In the 719–1800 cm–1 region, spectra exhibited peaks characteristic of vibrations corresponding to lipids and proteins which are the major contributors of exosome surface composition. For example, vibrations due to the C-C skeletal stretching appear as peaks at 1051 cm–1 and 1124 cm–1. Another peak that can be clearly distinguished lies at 1450 cm–1, which is due to CH2 bending vibration and is very typical of lipids.30 The peaks in the 1300–1400 cm–1 region can be attributed to CH2 twisting vibrations. An intense peak at 830 cm–1 is also observed corresponding to C-O-O vibration typical of phospholipids.31

High reproducibility and consistency for SERS measurements were observed (Supplementary Figure 3) providing validity to each individual SERS peak as specific to that sample exosome population and not merely arising from background noise.
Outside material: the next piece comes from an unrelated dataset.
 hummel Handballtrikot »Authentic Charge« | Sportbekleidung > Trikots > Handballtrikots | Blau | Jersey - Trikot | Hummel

Although most repeated peaks of each group were identified, not every spectrum exhibited all of these specific peaks and not every specific peak was surface enhanced. The possible reason for this variable peak enhancement could be the randomness in the interaction and subsequent bonding between gold nanoparticles and exosomes. To address this issue, adequate spectral number and whole fingerprint spectral data were acquired for multivariate analysis. Of note, in addition to common spectral features across exosome populations, distinct differences in peaks’ profiles and intensities were observed in SERS. This observation highlights the ability of Raman spectroscopy to distinguish exosomes by their lipid composition. To increase the SERS output, we have used gold nanoparticles as well as gold substrate as an improvement over the previous design. 23 To identify differential peaks associated with pancreatic cancer, principal component and differential function analyses were conducted on the collected SERS data.
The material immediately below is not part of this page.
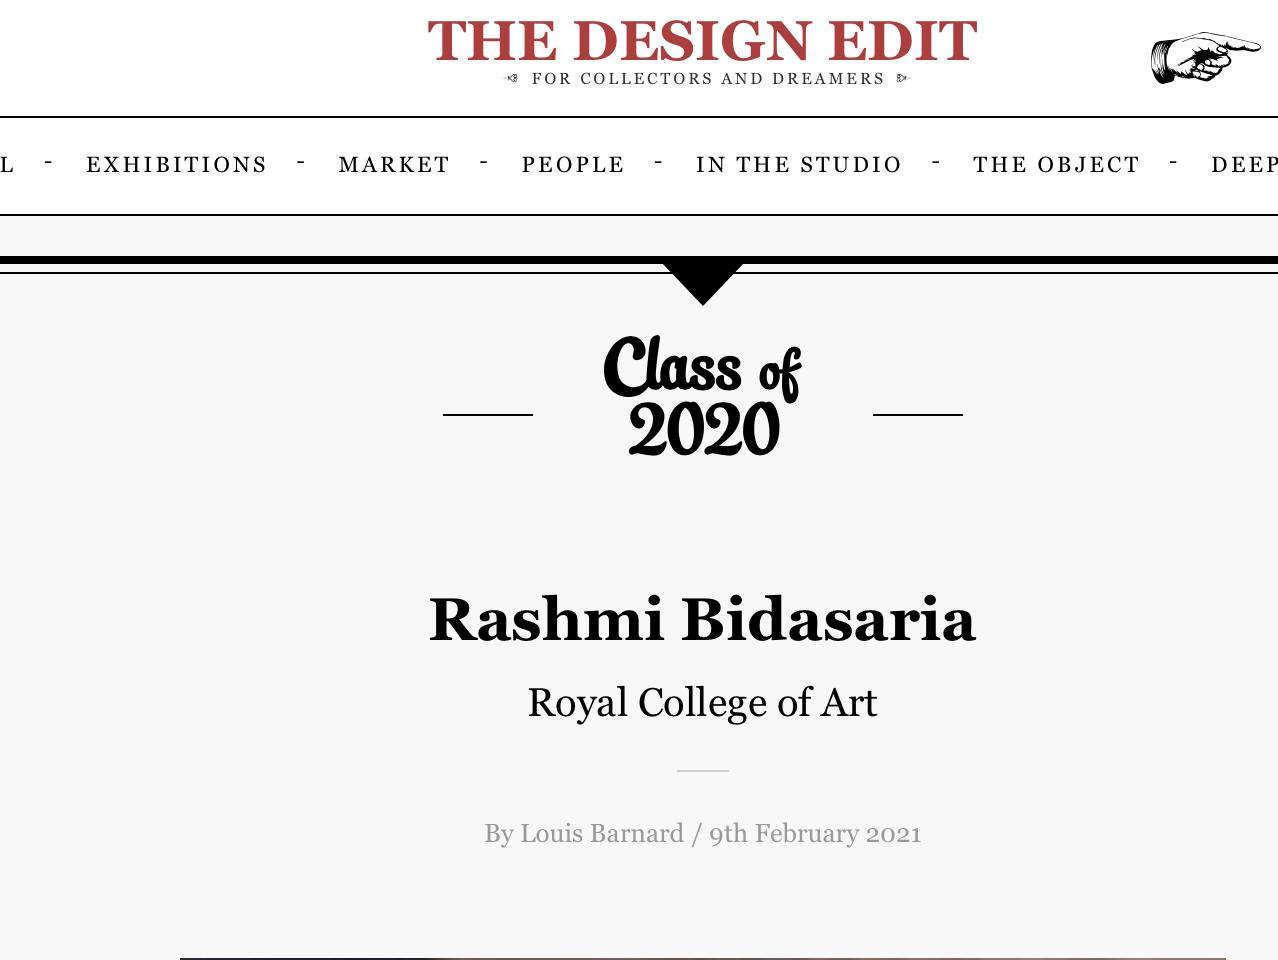 The Design Edit - Rashmi Bidasaria - Royal College of Art class of 2020

Principal component and differential function analyses (PCA-DFAs)

After pre-processing of the raw SERS spectra, PCA was used to reduce the number of variables considered from 1004 variables to 20 PCs, which counted for 88.2% of the total variance. Principal Component #1(PC #1) contained the most important data with 35.4% of the total variance. The next two PC #2 and PC #3 represented 14.4% and 6.6% of the total variance, respectively. A three dimensional (3D) PCA plot for the first three PCs (PC #1, PC #2, and PC #3) is shown in Supplementary Figure 4. Although these three PCs contributed 56.4% of the total variance, it is still not enough for high-efficiency classification. Twenty PCs were chosen for the trade-off between low data dimensionality and high variance observed in samples.
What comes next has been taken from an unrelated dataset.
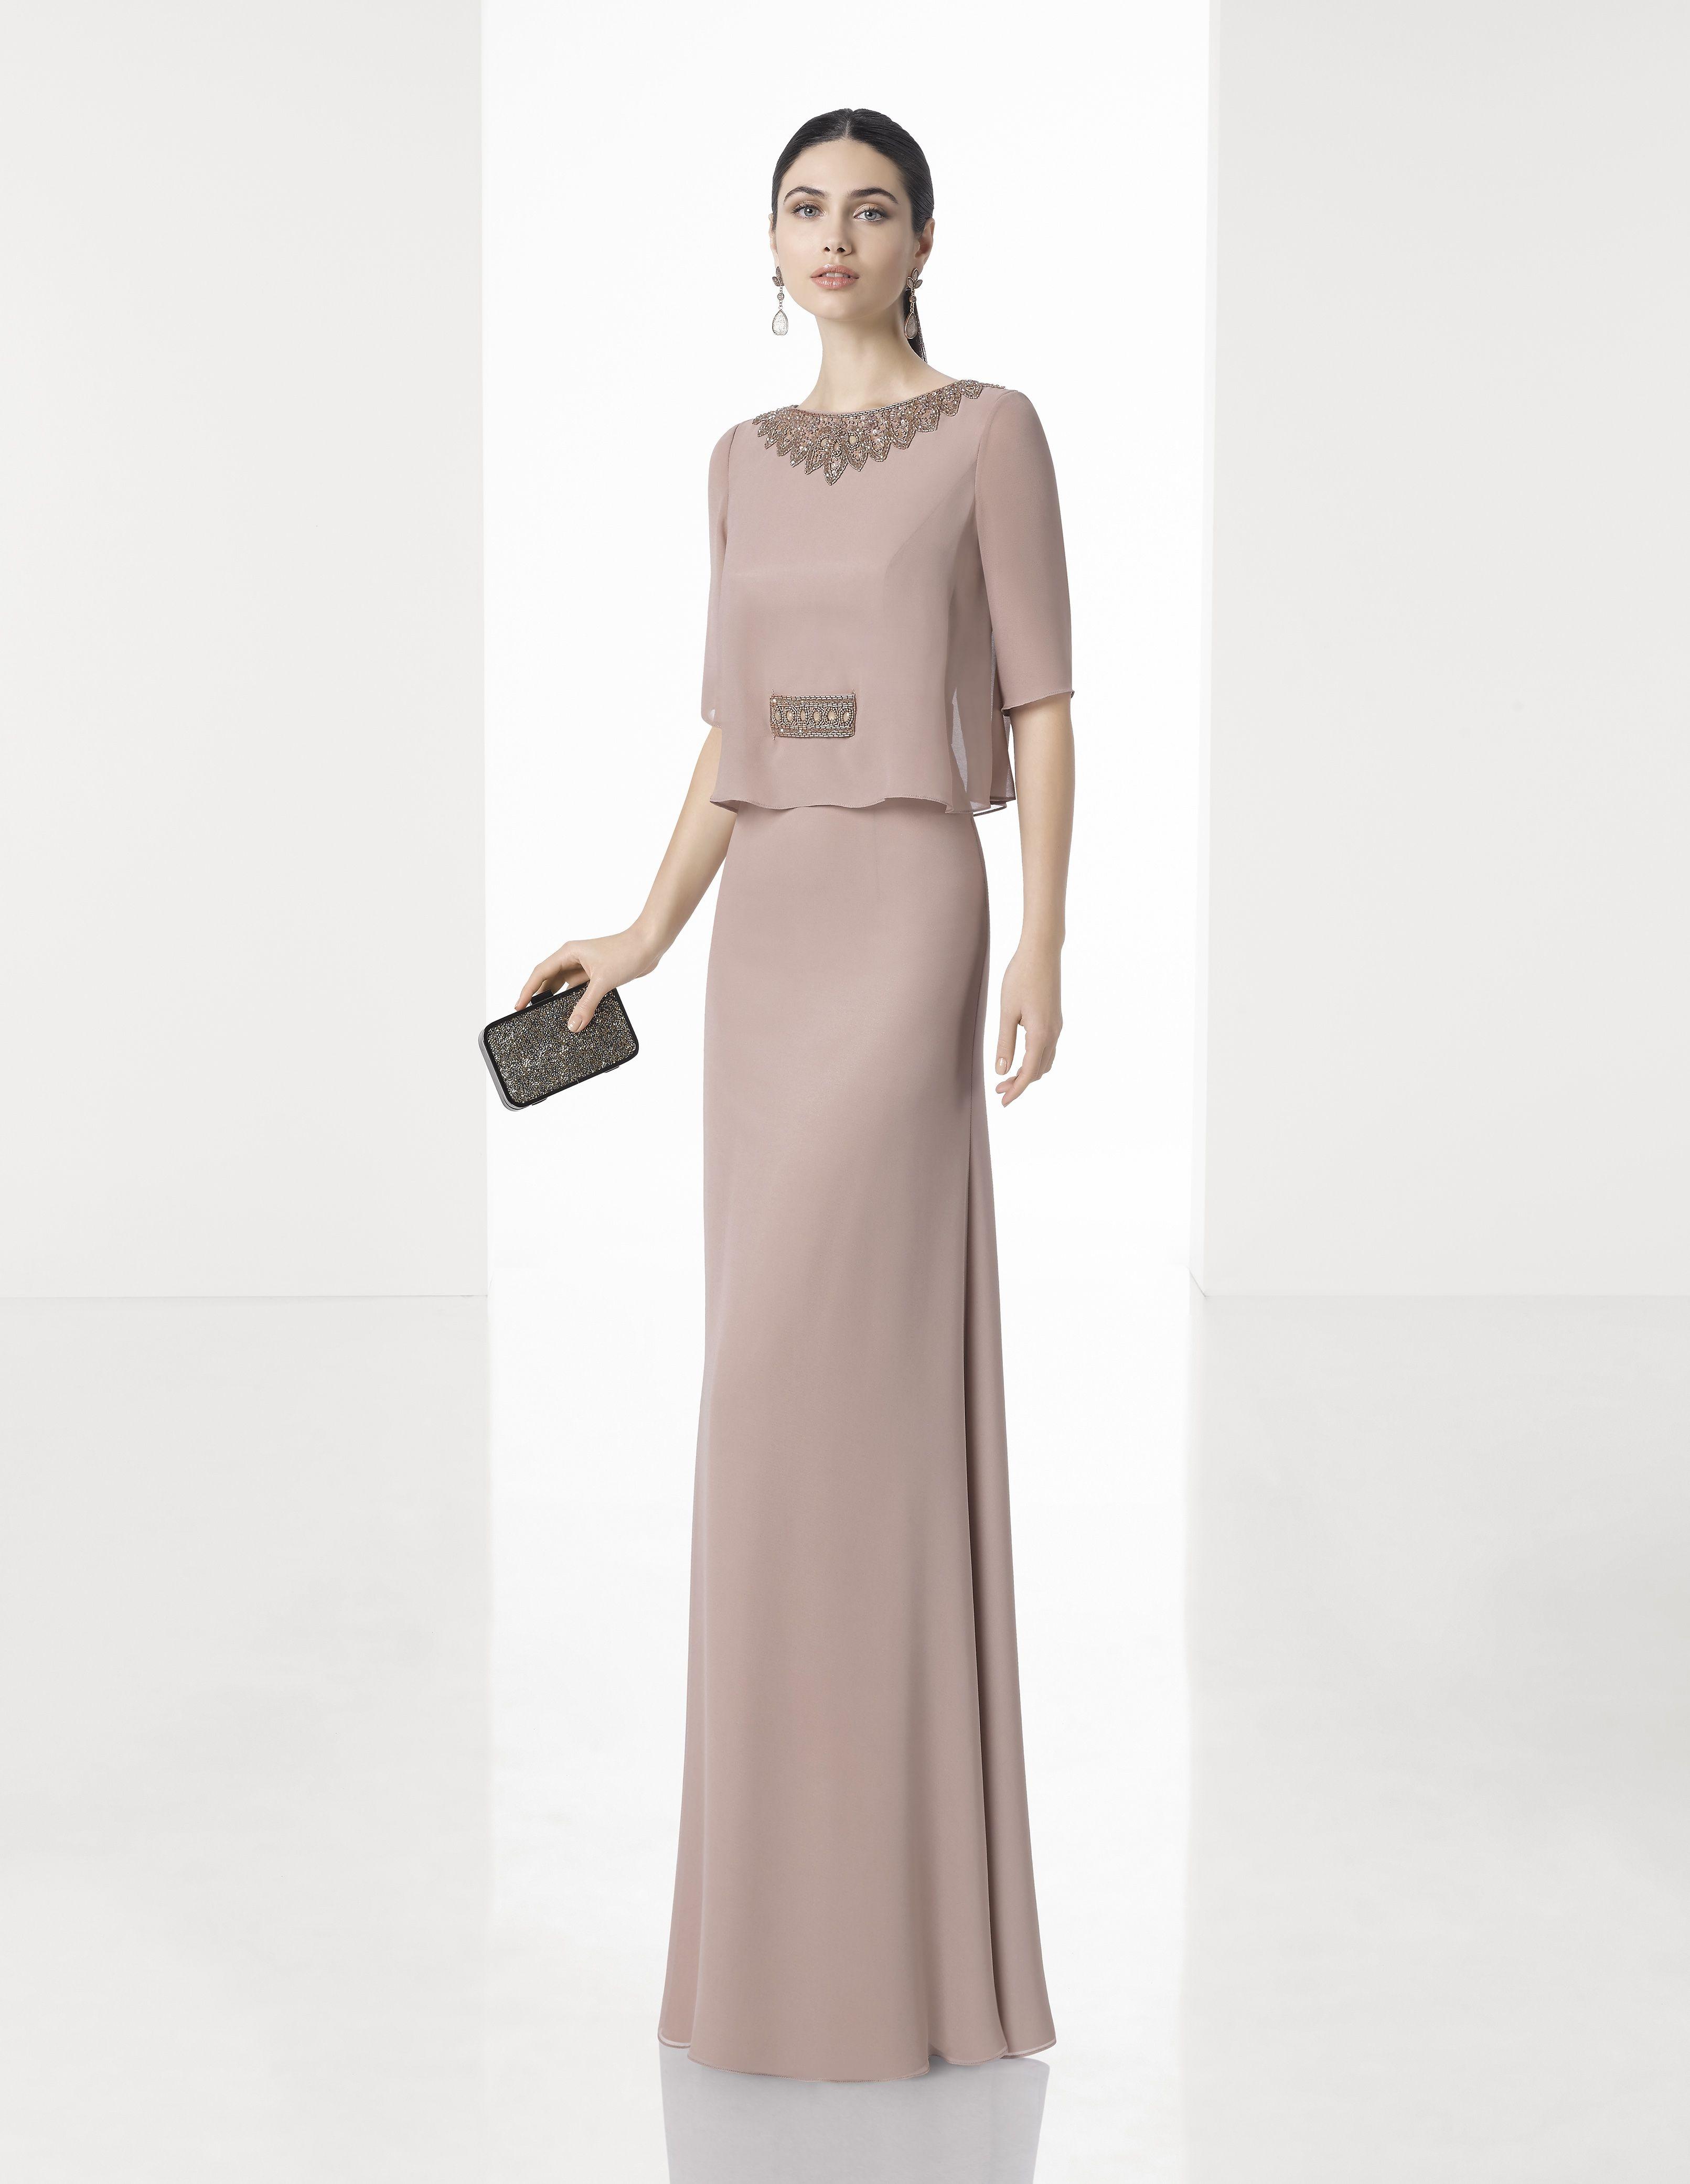 c41dbd66f Vestidos madrina boda rosa clara - Vestido azul

The PC-DFA plots for the three discriminant function classifiers (DA1, DA2, and DA3) of the total 121 spectra from four groups (HPDE, CD18/HPAF, MiaPaCa, and Control) are shown in Figure 3. The exosome groups and control group are clearly separated by DA1 and DA2 (Figure 3, A and B) due to the absence of exosome peaks within the control group, leading to a distinct spectral pattern. The exosome subpopulations formed discrete clusters and separated from each other by all the classifiers, as shown in the 3-dimensional PC-DFA plot (Figure 3, D). Corresponding loading spectra are shown in Supplementary Figure 5. The classification accuracy was calculated via cross-validation method and is shown in Table 1. As shown, only one spectrum of healthy cell-derived exosomes was misclassified as having a cancer cell origin. Congruently, six spectra of cancer cell-derived exosomes were misclassified as having a healthy cellular origin, with none of these being CD18/HPAF spectra (MiaPaCa spectra were classified as healthy six times, and as CD18/HPAF spectra 3 times). The overall accuracy of PC-DFA classification was 90.0% for the three cell line and the control. Since CD18/HPAF and MiaPaCa are cancer cell lines and HDPE is a healthy cell line, the sensitivity and specificity are calculated to be 90.6% and 97.1% respectively, regardless of the control.

Figure 3.

Figure 3.

Discriminant Function Analysis (DFA) plots for each exosomal population and control (AuNPs only). Principle Component Analysis (PCA) was first conducted on raw SERS spectra from both normal human pacreatic ductal epithelial cell line (HPDE) and pancreatic cancer cell lines (CD18/HPAF, MiaPaCA) to reduce the dimensionality of the data from 1004 individual wavenumber variables (from 719 cm–1 to 1800 cm–1) to 20 PCs. The PCs were used as the input independent variables for DFA. (A) 2D DFA plot of DA1 vs. DA2. (B) 2D DFA plot of DA1 vs. DA3. (C) 2D PC-DFA plot of DA2 vs. DA3. (D) 3D DFA plot of DA1 vs. DA2 vs. DA3. These graphical representations visually display the capability of the PC-DFA algorithm to efficiently separate differing exosomal subpopulations based on SERS spectra.

Table 1.

The number of exosome sample spectra taken from each cell populations as well as the population with which each cell was clustered via PC-DFA. Number of spectra out of the total classified as HPDE, CD18, MiaPaCa or Control along with the overall percent correct.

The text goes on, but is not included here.